How to recommend the next achievement

Question

Short version:

I have a similar setup to StackOverflow. Users get Achievements. I have many more achievements than SO, lets say on the order of 10k, and each user has in the 100s of achievements. Now, how would you recommend (to recommend) the next achievement for a user to try for?

Long version:

The objects are modeled like this in django (showing only important parts) :

class User(models.Model):
    alias = models.ForeignKey(Alias)

class Alias(models.Model):
    achievements = models.ManyToManyField('Achievement', through='Achiever')

class Achievement(models.Model):
    points = models.IntegerField()

class Achiever(models.Model):
    achievement = models.ForeignKey(Achievement)
    alias = models.ForeignKey(Alias)
    count = models.IntegerField(default=1)

and my algorithm is just to find every other user that has a shared achievement with the logged in user, and then go through all their achievements and sort by number of occurrences :

def recommended(request) :
    user = request.user.get_profile()

    // The final response
    r = {}

    // Get all the achievements the user's aliases have received 
    // in a set so they aren't double counted
    achievements = set()
    for alias in user.alias_set.select_related('achievements').all() :
        achievements.update(alias.achievements.all())

    // Find all other aliases that have gotten at least one of the same
    // same achievements as the user
    otherAliases = set()
    for ach in achievements :
        otherAliases.update(ach.alias_set.all())

    // Find other achievements the other users have gotten in addition to
    // the shared ones.
    // And count the number of times each achievement appears
    for otherAlias in otherAliases :
        for otherAch in otherAlias.achievements.all() :
            r[otherAch] = r.get(otherAch, 0) + 1

    // Remove all the achievements that the user has already gotten
    for ach in achievements :
        r.pop(ach)

    // Sort by number of times the achievements have been received
    r = sorted(r.items(), lambda x, y: cmp(x[1], y[1]), reverse=True)

    // Put in the template for showing on the screen
    template_values = {}
    template_values['achievements'] = r

But it takes FOREVER to run, and always returns the whole list, which is unneeded. A user would only need the top few achievements to go after.

So, I'm welcome to recommendations on other algorithms and/or code improvements. I'll give you an achievement in my system for coming up with the recommendation algorithm :)

Answer 1

Hello,

One method you can recommend which achievements to go for is to see how many of your users already have those achievements and recommend those popular ones. When they have achieved those you go down the list and recommend slightly less popular ones. However, this has a naive assumption that everyone wants to go for popular achievements.

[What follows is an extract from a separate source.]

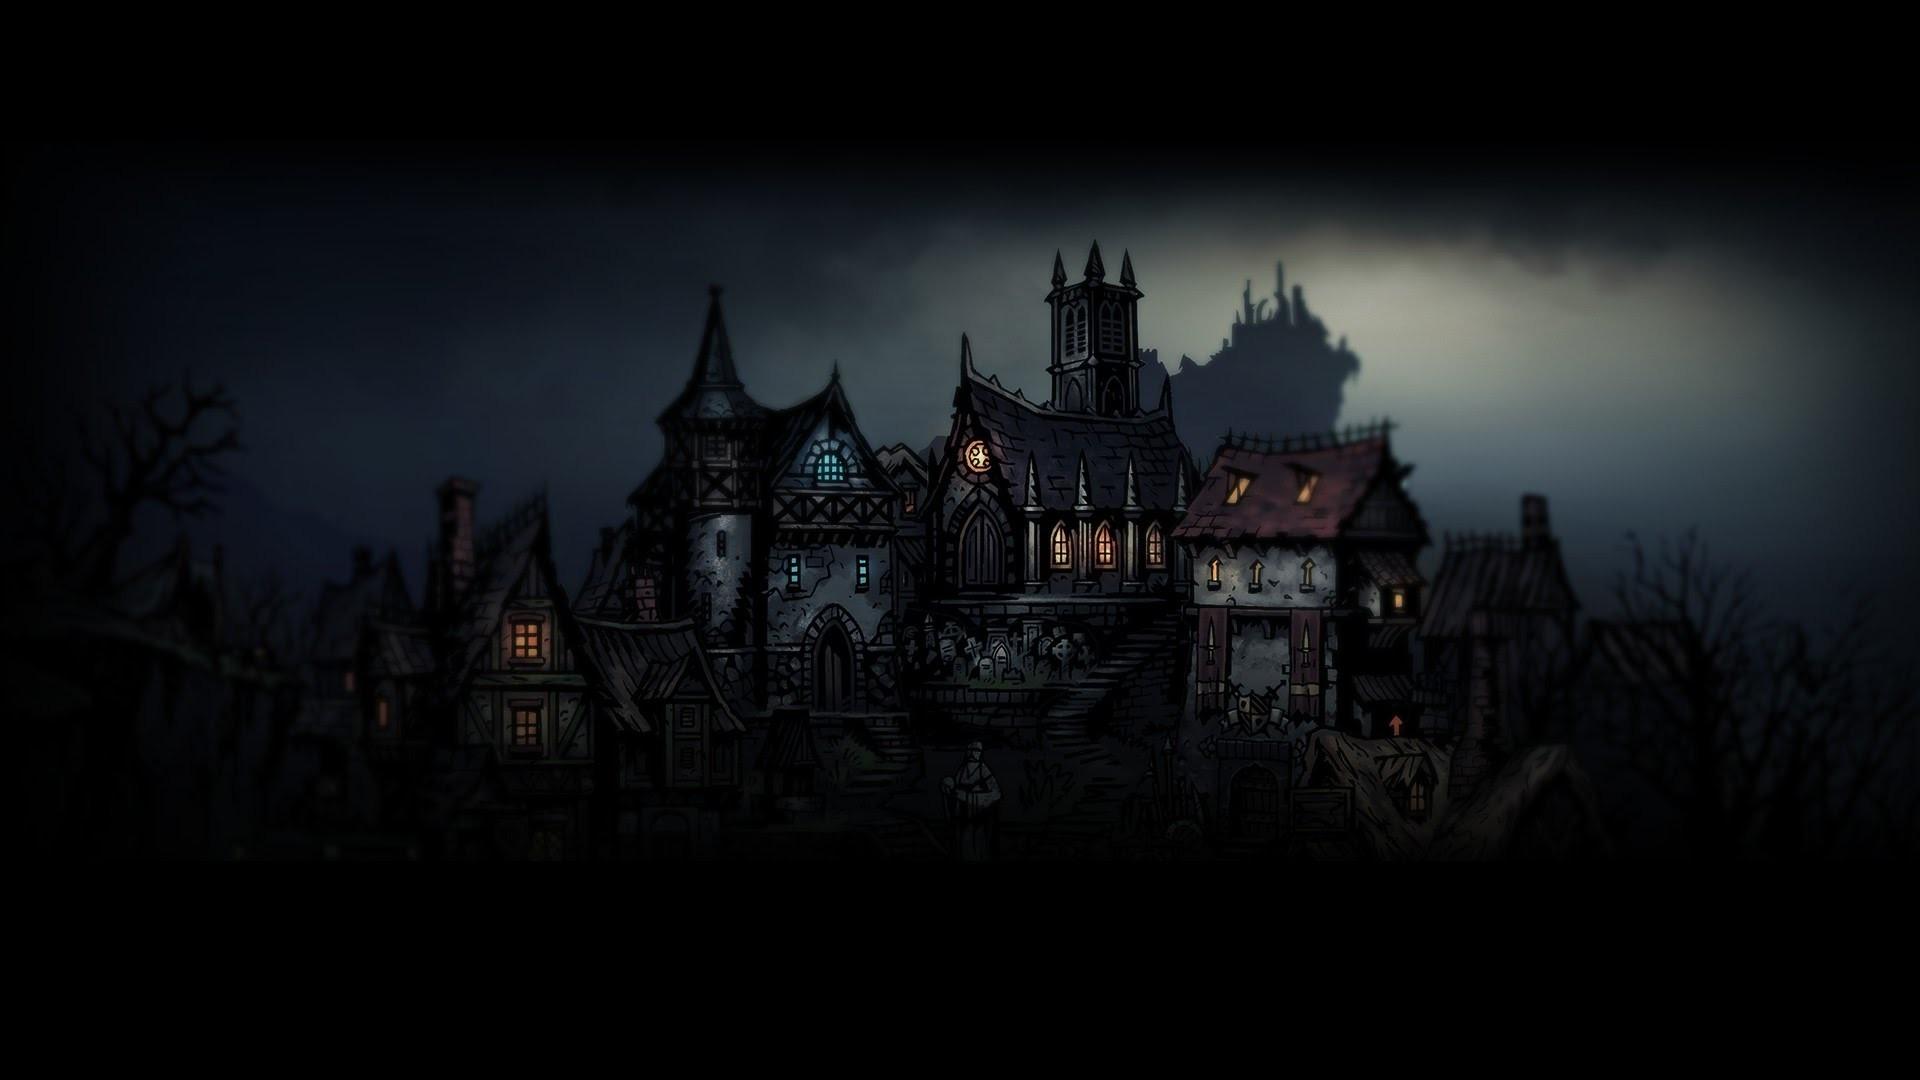 Amazing Wallpaper Night Evening - video-games-dark-night-evening-dusk-midnight-Darkest-Dungeon-light-darkness-screenshot-computer-wallpaper-103192  Trends-38774.jpg

It might cause popular achievements to be even more popular and less popular ones, well... A consolation is that this doesn't take up much resources and is likely to run very fast. (Just keep a list of achievements + number of times it's achieved)

Another method (which attempts to guess which achievements the user is likely to go after based on what achievements he already had) is to use some machine learning algorithms. I think the k-nearest neighbor algorithm will perform quite well here. Select a threshold and just output everything that is above this threshold. Now, I don't know if this will run faster than what you already have, but you should just run the recommendation engine once every time the user has made a new achievement, store the top (let's say) five, and just output it back to the user whenever a recommendation is needed.

I hope this helps. =)

Answer 2

I would suggest that you do the first three steps (achievements, otherAliases, count) as one single SQL statement. As it is now, you are issuing a lot of queries and summarising thousands of rows in Python which is a task you should delegate to the DB. For example the code

for otherAlias in otherAliases : #For every single other user
    for otherAch in otherAlias.achievements.all() : #execute a query
        r[otherAch] = r.get(otherAch, 0) + 1

Does thousands of huge queries.

Instead, you can use SQL to do this by joining Achiever on itself based on Alias id being different and achievement id being the same. You then group by achievement id and run a count.

In the query below, the table "B" is other user's achievements and "Achiever" is our achievements. If any other user shares an achievement, they appear once in "B" for each achievement they share. We then group those by alias_id and count the number of times they appeared so you get a nice id, count table out.

Very very rough code (no SQL available here)

SELECT B.Alias_id, COUNT(B.achievement_id) 
  FROM Achiever, Achiever as B 
  WHERE Achiever.achievement_id == B.achievement_id 
     AND Achiever.Alias_id == <insert current user alias here>;
  GROUP BY B.Alias_id

If that works the way I think it will, you will get a table of other user aliases, along with the number of achievements they share with the current user.

The next thing you do is an SQL statement that uses the one above as an "inner select" - call it users. You join that with your achievements table and your Achiever table for the current user. You might want to ignore all but the top 10 users who are similar to the current user.

I don't have time to write up a good query right now, but look at the JOIN statement for your DB that joins on achievement_id between the nominated 10 users and the current user - setting that id to NULL if it doesn't exist. The filter only to rows where it turned up NULL (unachieved achievements).